Estilos de Tango
The Tango Styles
Tango is one of the classical arts or a "design", which shall be limited by the framework of truth, goodness, and beauty. Within this framework, the dancer is free; out of the framework, it is not the Tango. Many people try to melt the other dances into tango, saying it is art, and art is to be free; but in fact, just like the Chinese fried noodle mixed with Italian meat pasta will not become better or more taste.
The way of the beauty of action design, the Leading and following methods, or techniques, could be some differences between different schools or areas. These can be said to be "different style between schools", or "School Styles". That is why one student should not just go to learn from different well-known dancers or jump into different workshops or festivals, try as more as possible, and lose yourself in these so many different school styles. It would help your tango more if you focus on one good teacher or tango couple within a fixed system for a period of time. It may take years till nothings you can learn from them.
When talking about “styles”, it is not used to categorize what “type” of tango any one person or couple is dancing. The different “styles” merely describe the stages of the development of the techniques or qualities in Tango through its evolution. What most people dance now can either be pure of one style (or technique), or a mixture of several.
There are only four styles of the tango - "Tango Canyengue", "Tango Orillero", "Tango Salon" and "Tango Fantasia", which are recognized and agreed upon by all of the great tangueros and masters. In old days the tangueros might dance different styles basing on tango's roots when tango was purer and develop slowly with the situation of Buenos Aires. Even in the same style group, they still look various when seeing their dancing. From time to time, people dance a mix of these 4 styles.

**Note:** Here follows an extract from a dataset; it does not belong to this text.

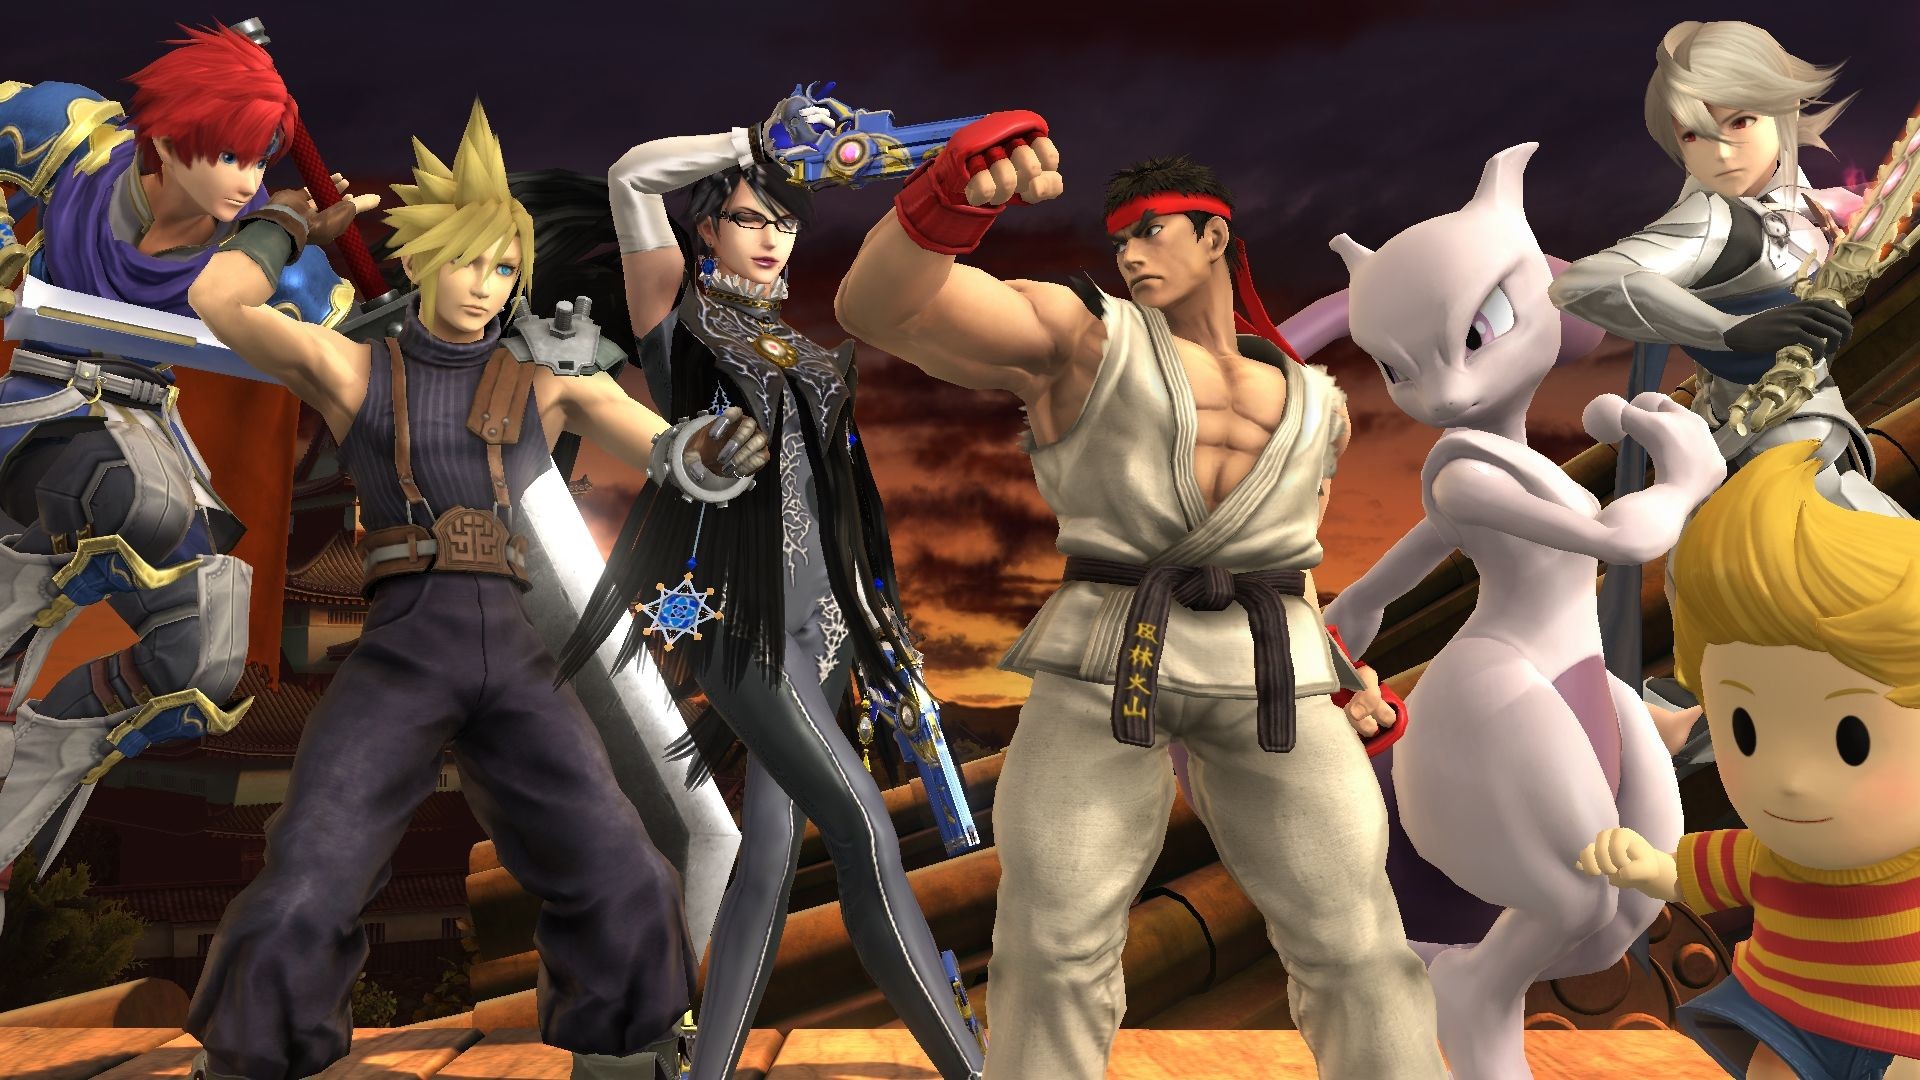 1920x1080 Are the DLC fighters in Super Smash Bros. worth it?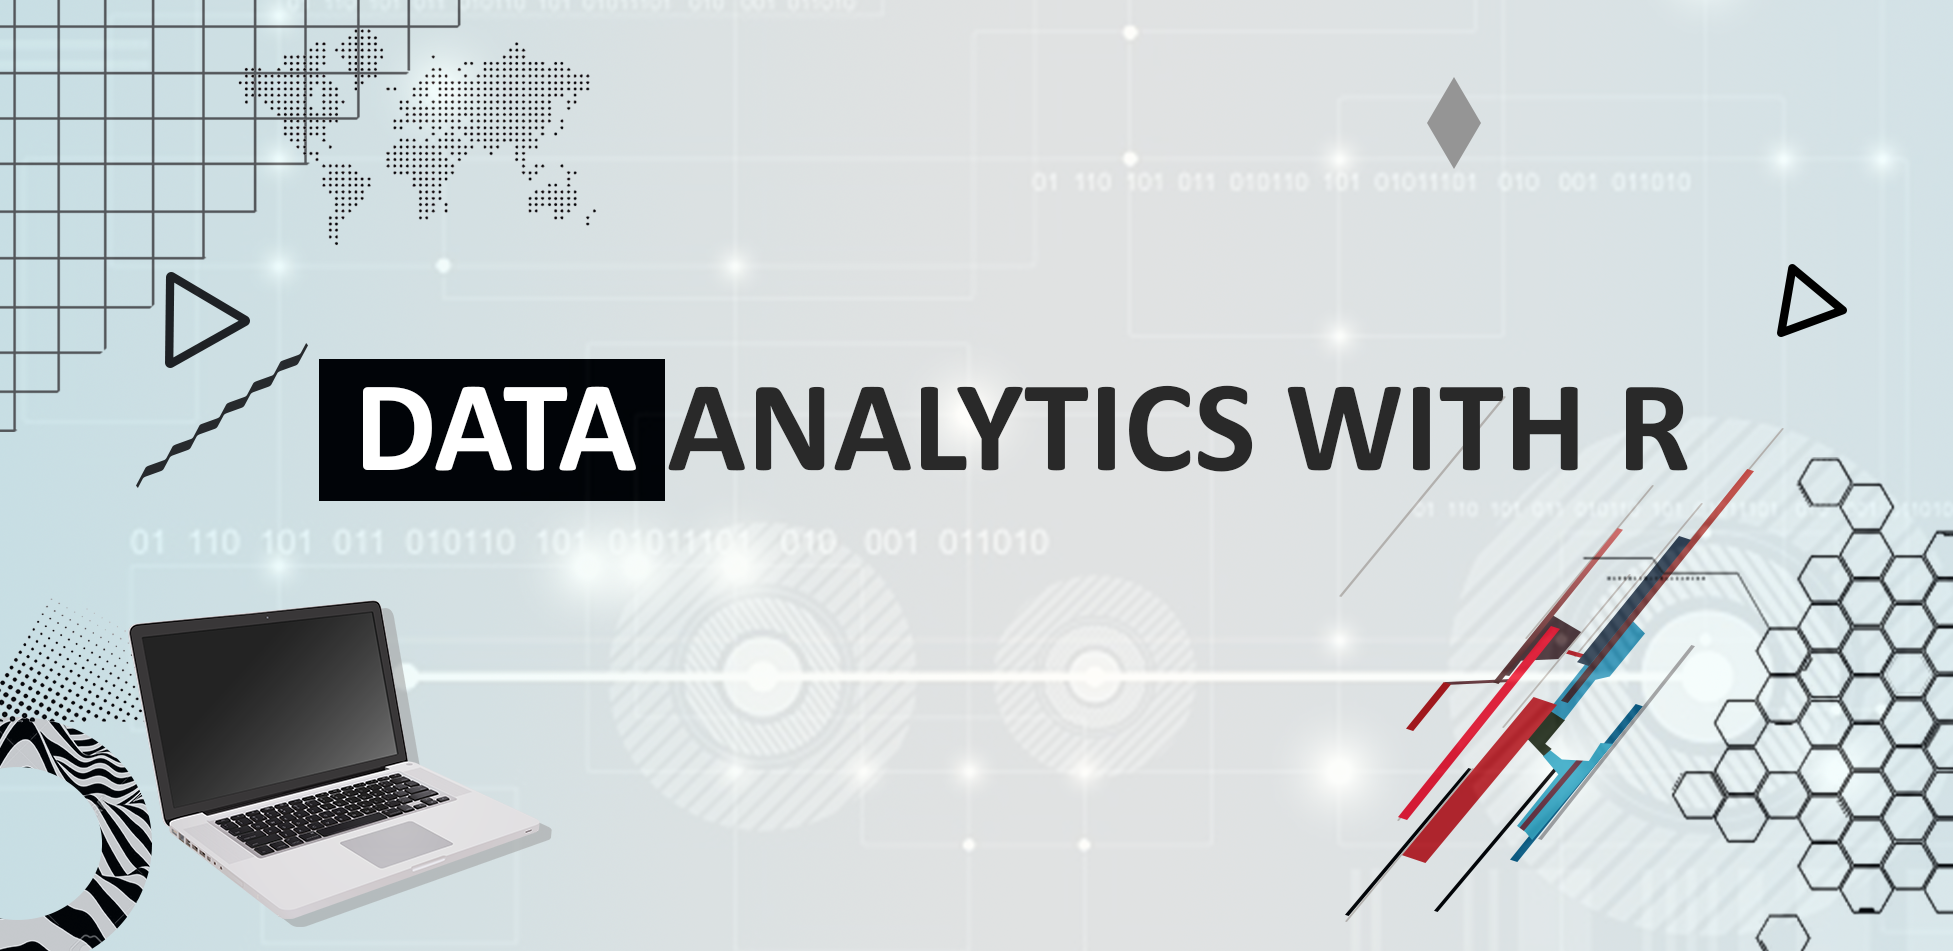 DATA-ANALYTICS-WITH-R-HOME-BANNER

You can see the final one in the video Juan Copes dance "Fantasia" style, but at the same time, he uses steps or elements from Canyengue, Orillero, and Salon.
Nowadays when many people have some confuses between "TANGO styles" and "SCHOOL styles", even "AREA styles"; even try to create more names for style.... but actually they all could be linked to the original 4 tango styles. So-called "Milongueros (style)" is from the center of Buenos Aires city, where space is less so people dance more closely and do fewer steps and figures; it could be treated as a mix like "small-salon". A "Nuevo (style)" is from the late 90' some people try to break the traditional rules and more with "contact improvisation" of Morden dance; it’s more like a “Tango mixed with Morden dance”, and every Nuevo dancers dance very very differently. "Villa Urquiza" is not a style but one neighborhood of B.A. city., though the people there create more steps and figures in the old days coz there is bigger space for dance.
Many years ago when I was still very young in tango, I ever asked one so-called "Nuevo style" tango teacher, what's the difference about Nuevo between traditional or classic tango. He laughed and said, there is no Nuevo style to dancers from BA, it is just "the marketing stuff from the organizers or people outside of Argentine. Tango is tango." Later, I saw an interview of an old milonguero, he said, "I don't know what is "milongueros style", I dance my style and I am a milonguero, so they call it "Milonguero Style", but all the milongueros dance differently."
When we understand more and go deeper in tango, we would like to focus on developing our own tango, instead of trying to define which styles people are dancing, unless you were a real tango historicist from decades later.
Nowadays people dance the tango, which is the mix of "the tango styles" plus "school style". As tango lovers, we need to know the root of tango styles and try to dance with people with different school styles. Anyway, you should find and dance "your own style" eventually; that will be YOUR TANGO!